GIVEN MATERIAL >>
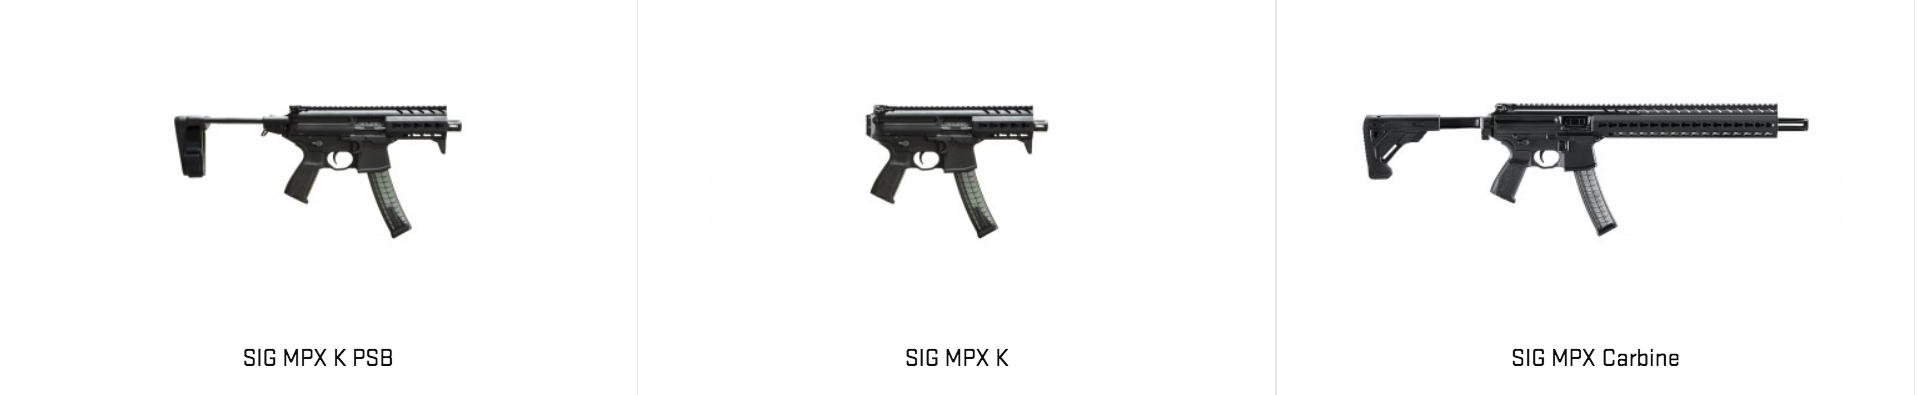 SIG Sauer MPX K PSB | OutdoorHub
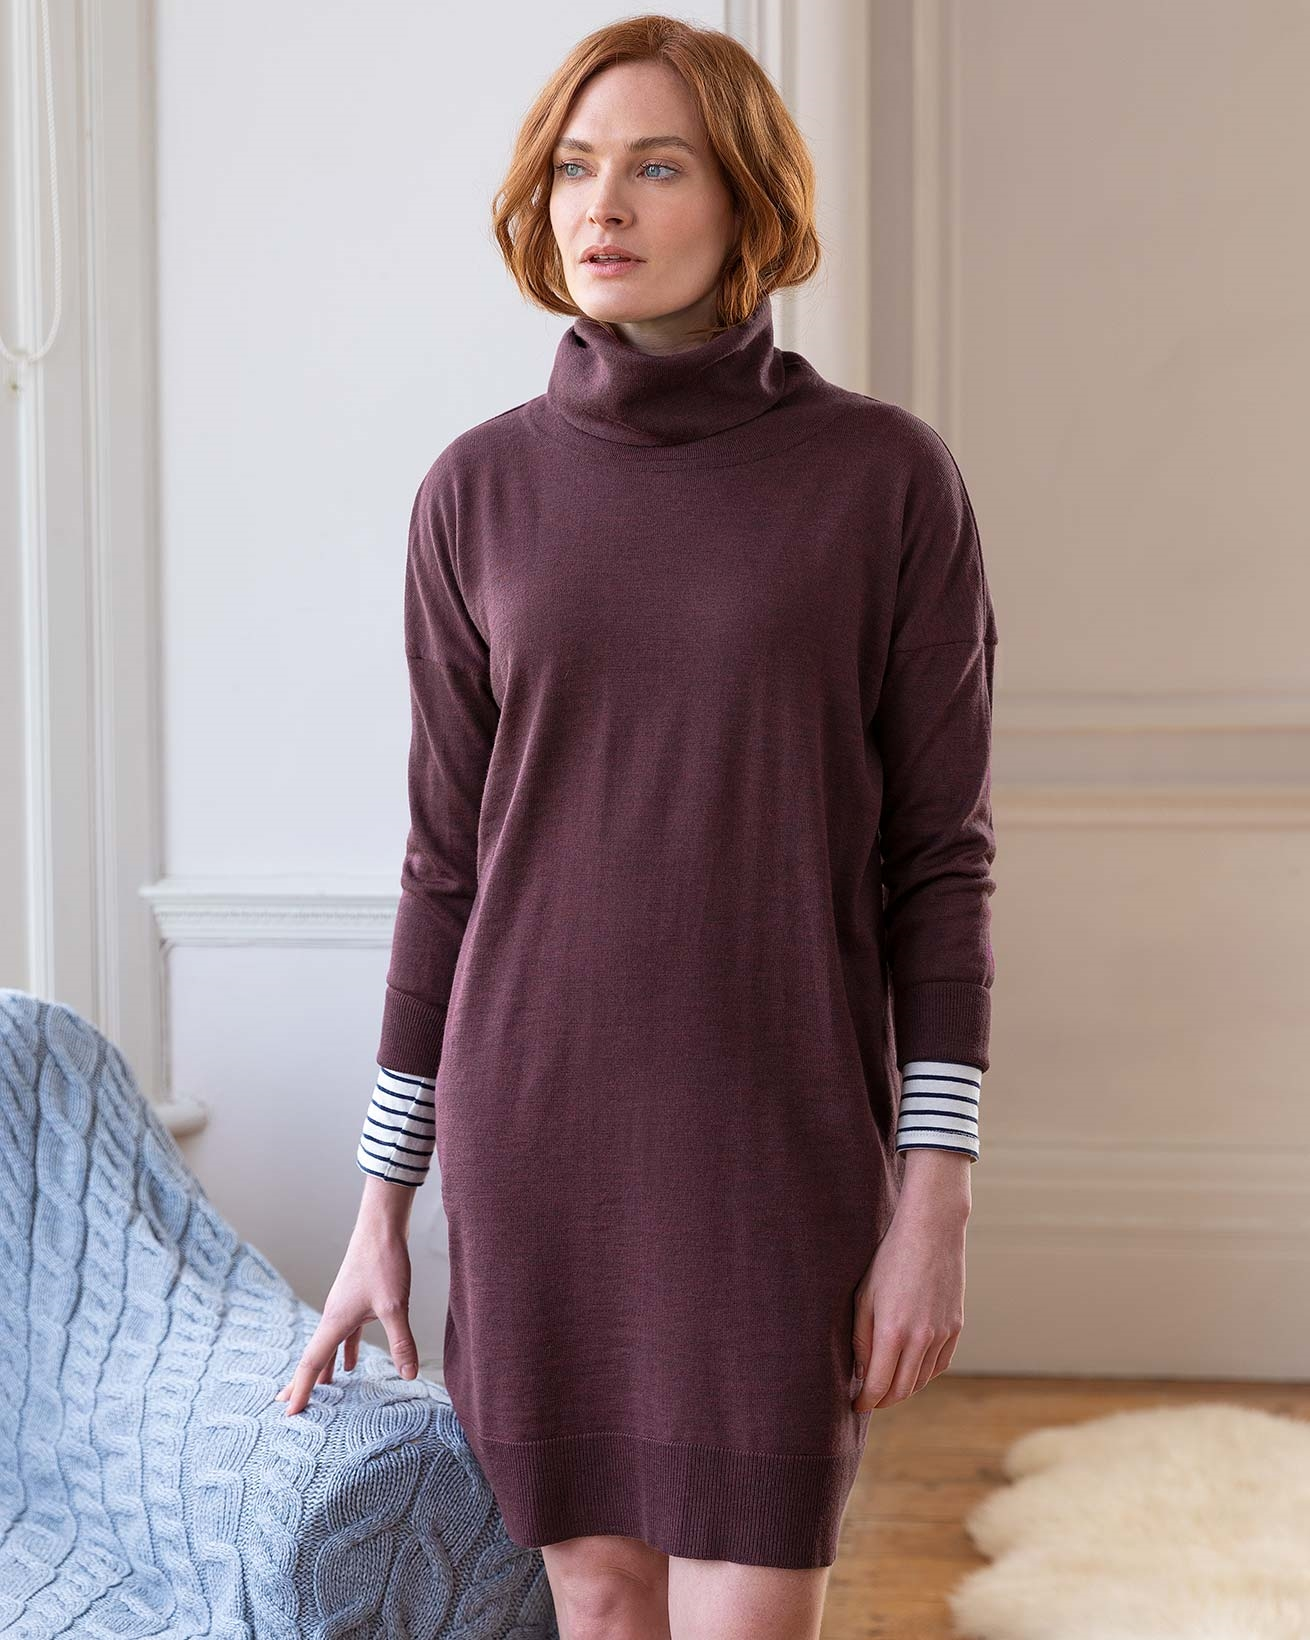 Slouchy Fine Knit Turtleneck Dress
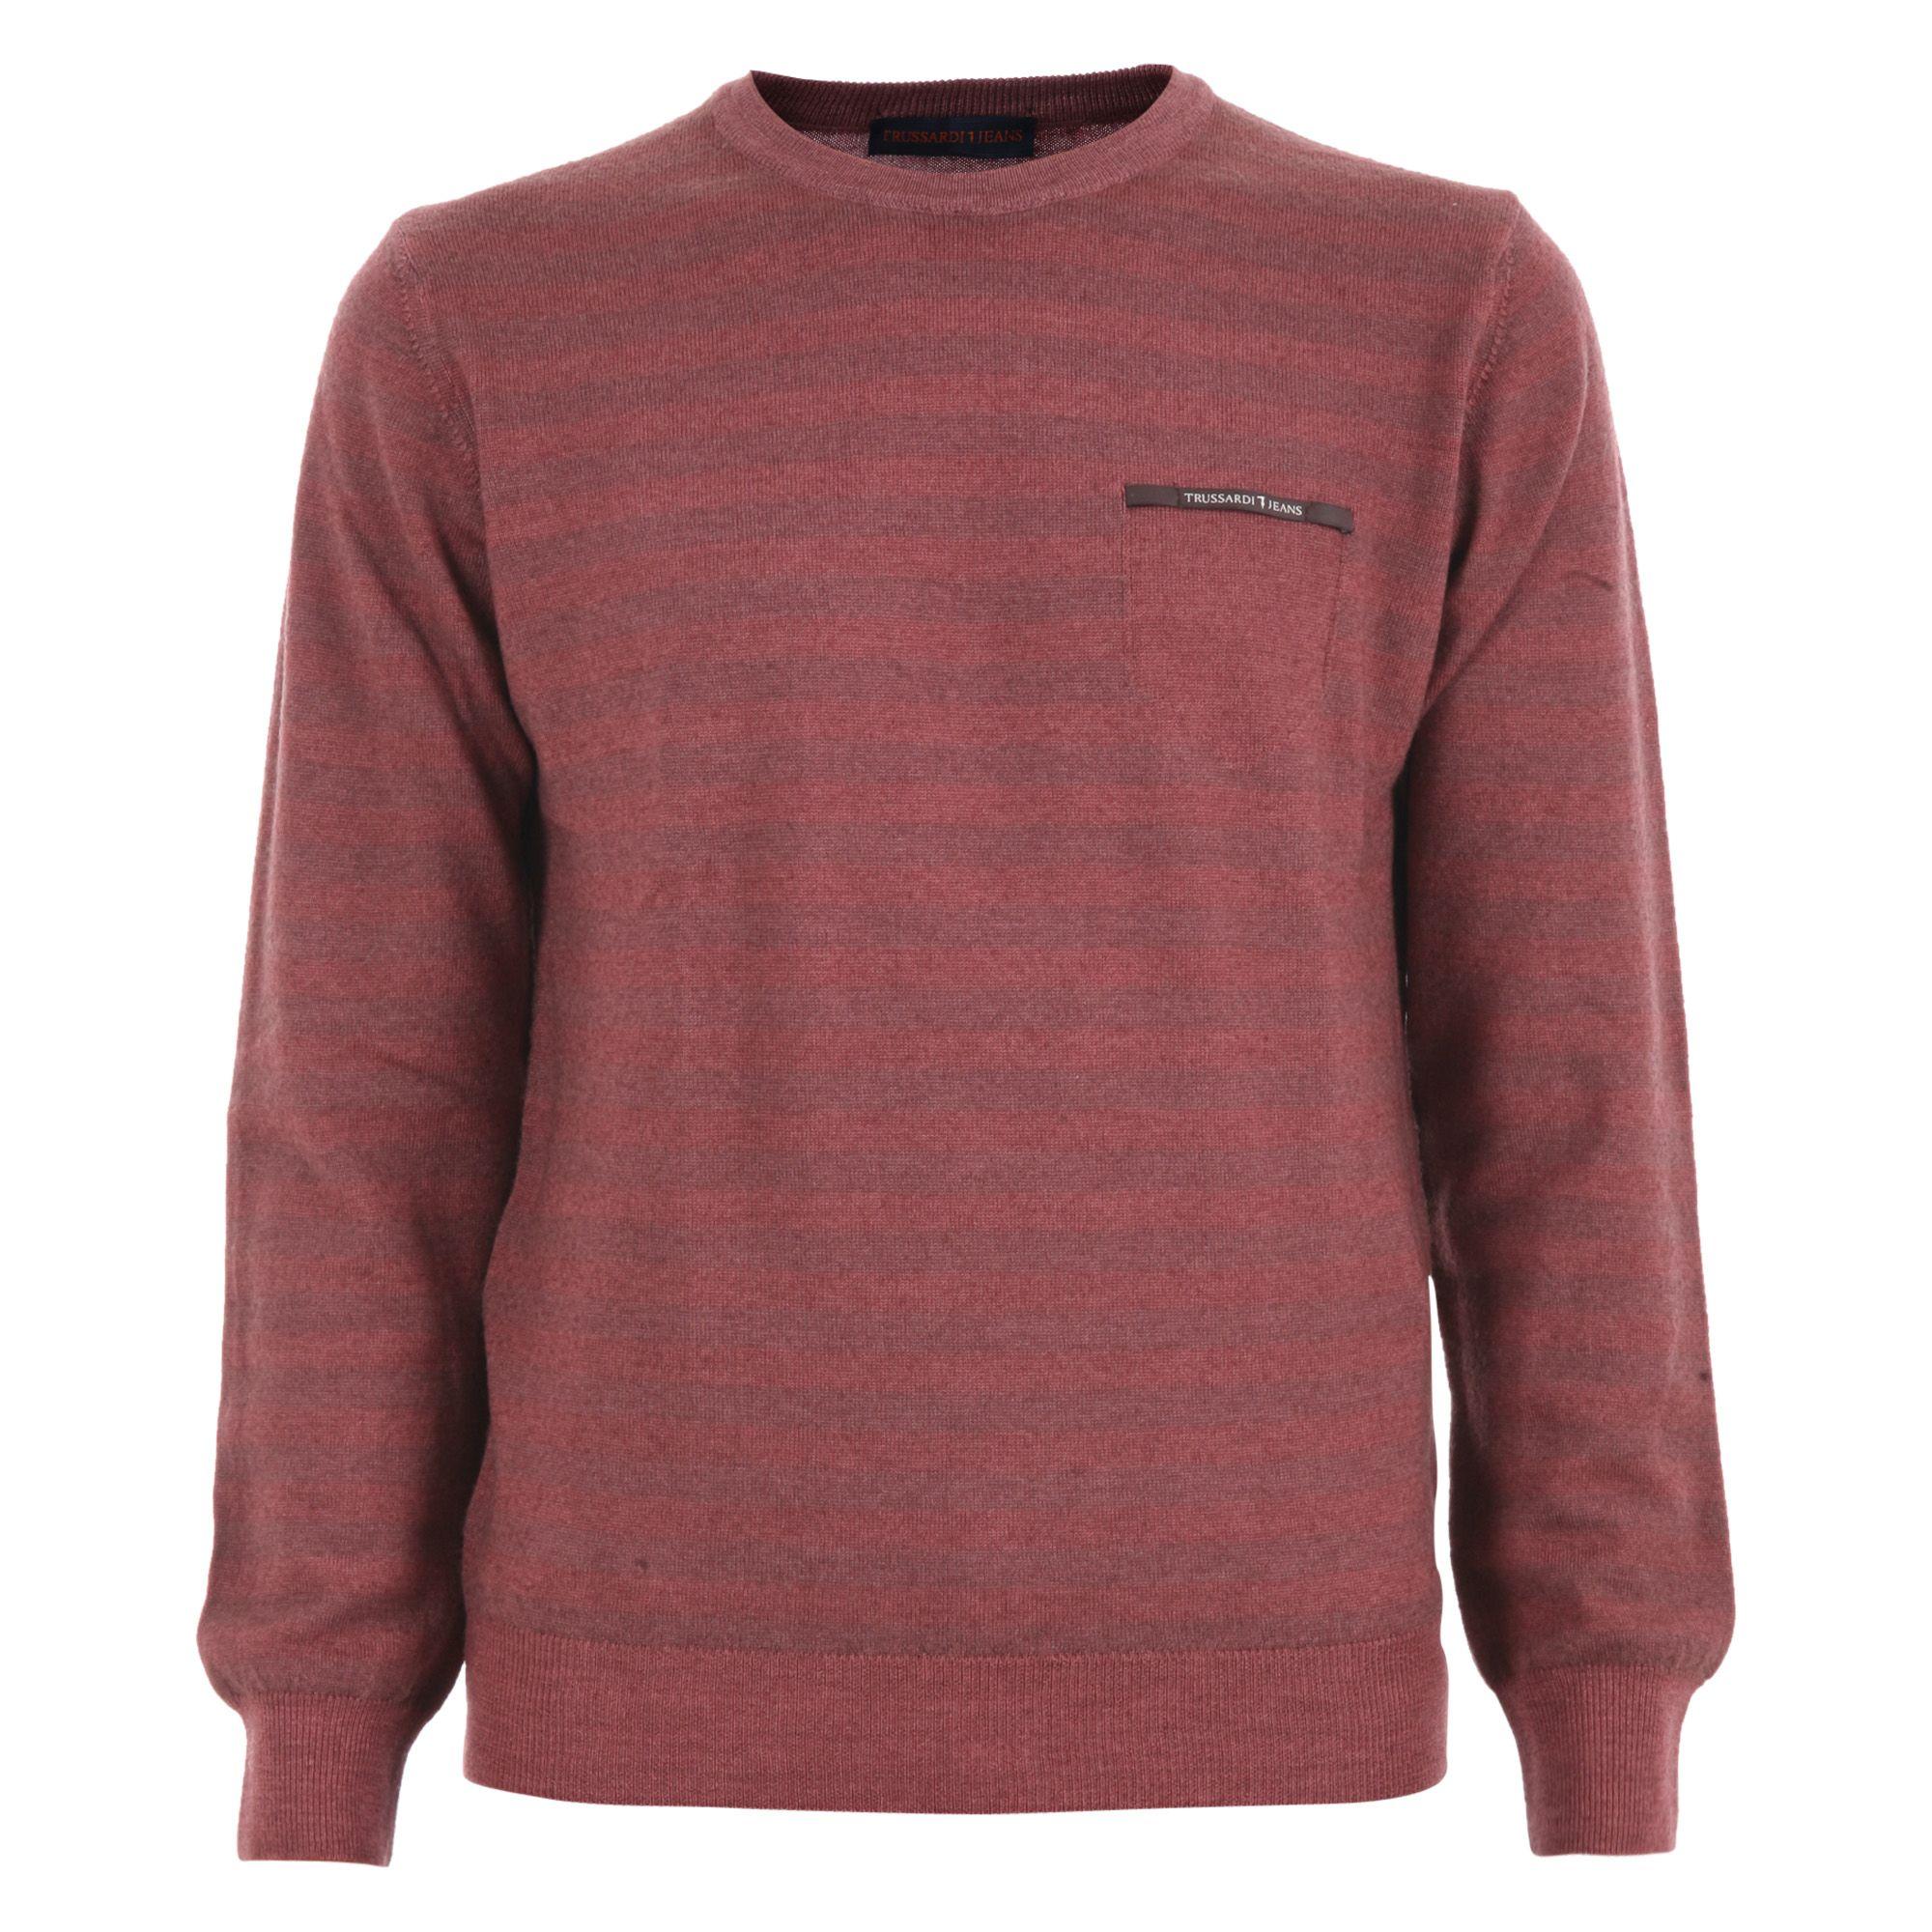 Trussardi Wool Knit Sweater

ACTIVITY >> Reproduce the data above without a single change, please, but without its pictures.

EXERCISE SOLUTION >>
 SIG Sauer MPX K PSB | OutdoorHub
 Slouchy Fine Knit Turtleneck Dress
 Trussardi Wool Knit Sweater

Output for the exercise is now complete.